30 is...

There’s so much build-up to turning 30. For what?!

I had been psyching myself up about turning 30 for months before my actual birthday mainly because that’s what I thought I was supposed to do. Everyone was asking me “Oh! What will you do? How will you celebrate?”

I suspected many of these questions were because people wanted to have, or at least be invited to, a party. However, one thing most people don’t know about me is that I despise birthday parties. Not other people’s, only my own. So much so that I will go out of my way to not tell people when my birthday is and then run out of town for the weekend so I can be alone. And I’d also like to recognize that I know there are people who would want to help celebrate this milestone in my life with me. I considered the fact that by intentionally avoiding celebrations and attention I would block people from expressing how they share a love for me. However, for whatever reason, my heart told me I needed to spend this birthday in relative solitude. I’m not sure exactly why that was, my therapist hasn’t gotten that far yet so stay tuned for a follow-up.

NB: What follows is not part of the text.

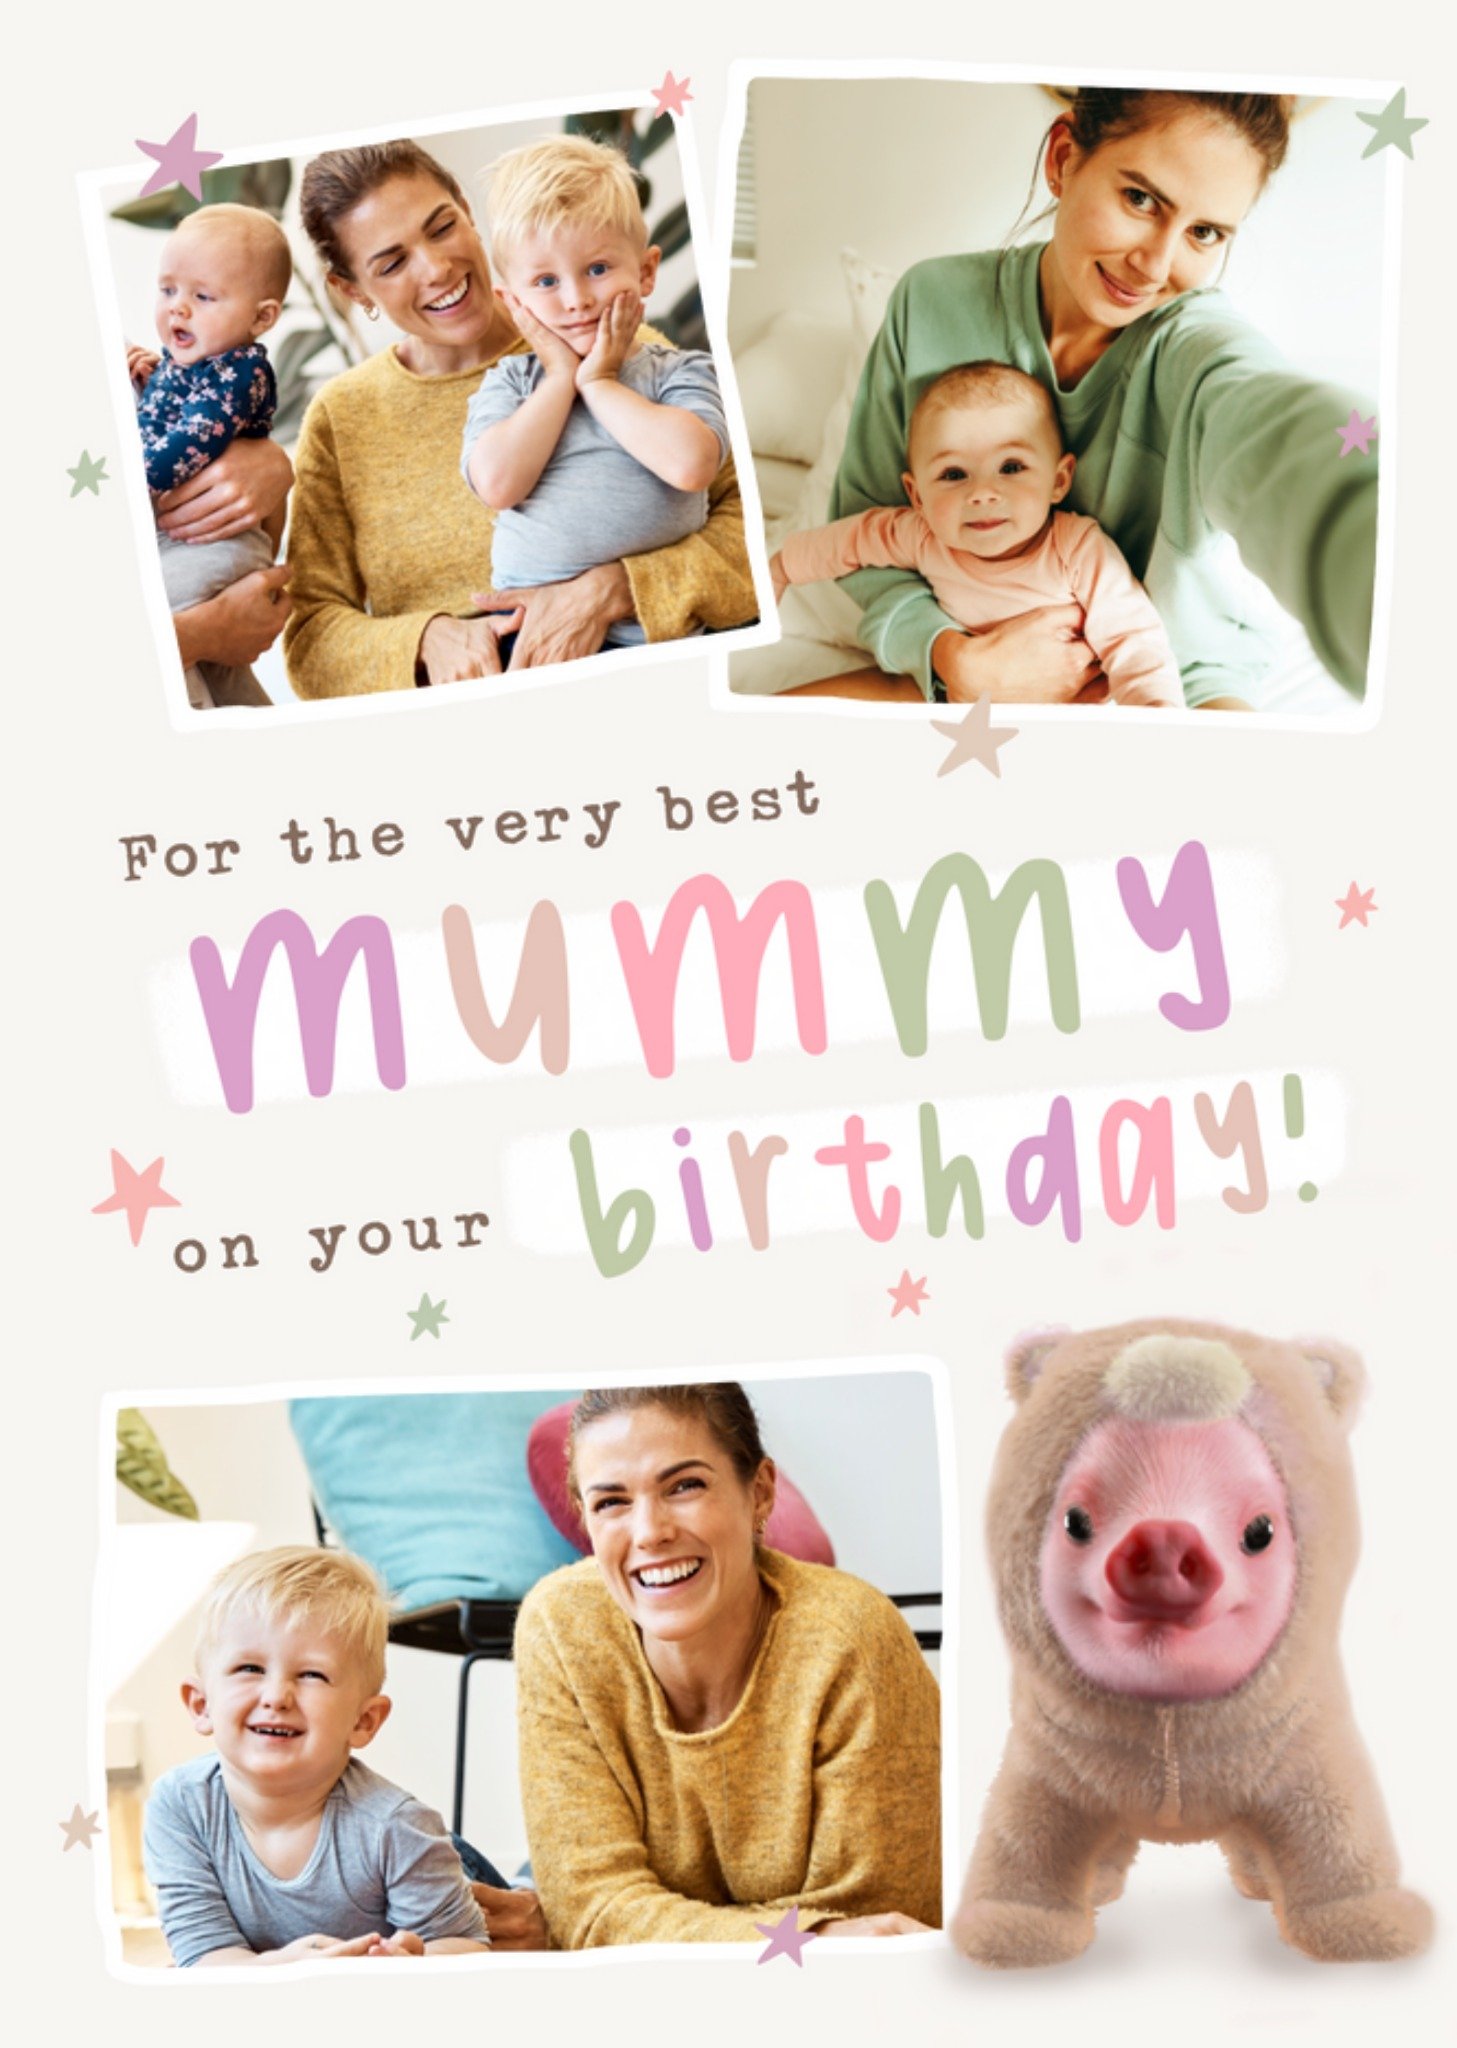 Moonpig Exclusive Sweet For The Very Best Mummy Moonpig Photo Upload Birthday Card, Large

Anyway, I mulled around several ideas: all involving travel and all with a guest list of zero. I eventually settled on New York City because it’s familiar and wouldn’t require pre-planning or research. Don’t get me wrong, there were plenty of new places I wanted to try out. But I wanted something that was stress-free logistically.

I knew months ago that I wanted to spend my day doing something that brings me endless joy and I didn’t have to think very much to figure out what that is: observing, consuming, and interacting with works of art. I wanted to disassociate from everything, to be quite honest, and get lost in the endless corridors of The Met.

“How do you feel”

“It’s the big ~ThIrTy~”

“You’re an old man now”

Do I feel different? 

Am I somehow changed?

When will I start making more money?

Does the existential crisis start now or do I need to redeem a coupon for it?

Countless people have either asked me similar questions or made similar comments to me for the past several months, even before my birthday. In fact, I’ve been asked these questions in some form for the entirety of my mid/late 20s. People seemingly expect me to produce some grand proverb, epiphany, or reflection on my life thus far. But of course, in their defense, I have done the exact same to others who reached the same milestone. Why, though, do we make such a big deal out of turning 30? 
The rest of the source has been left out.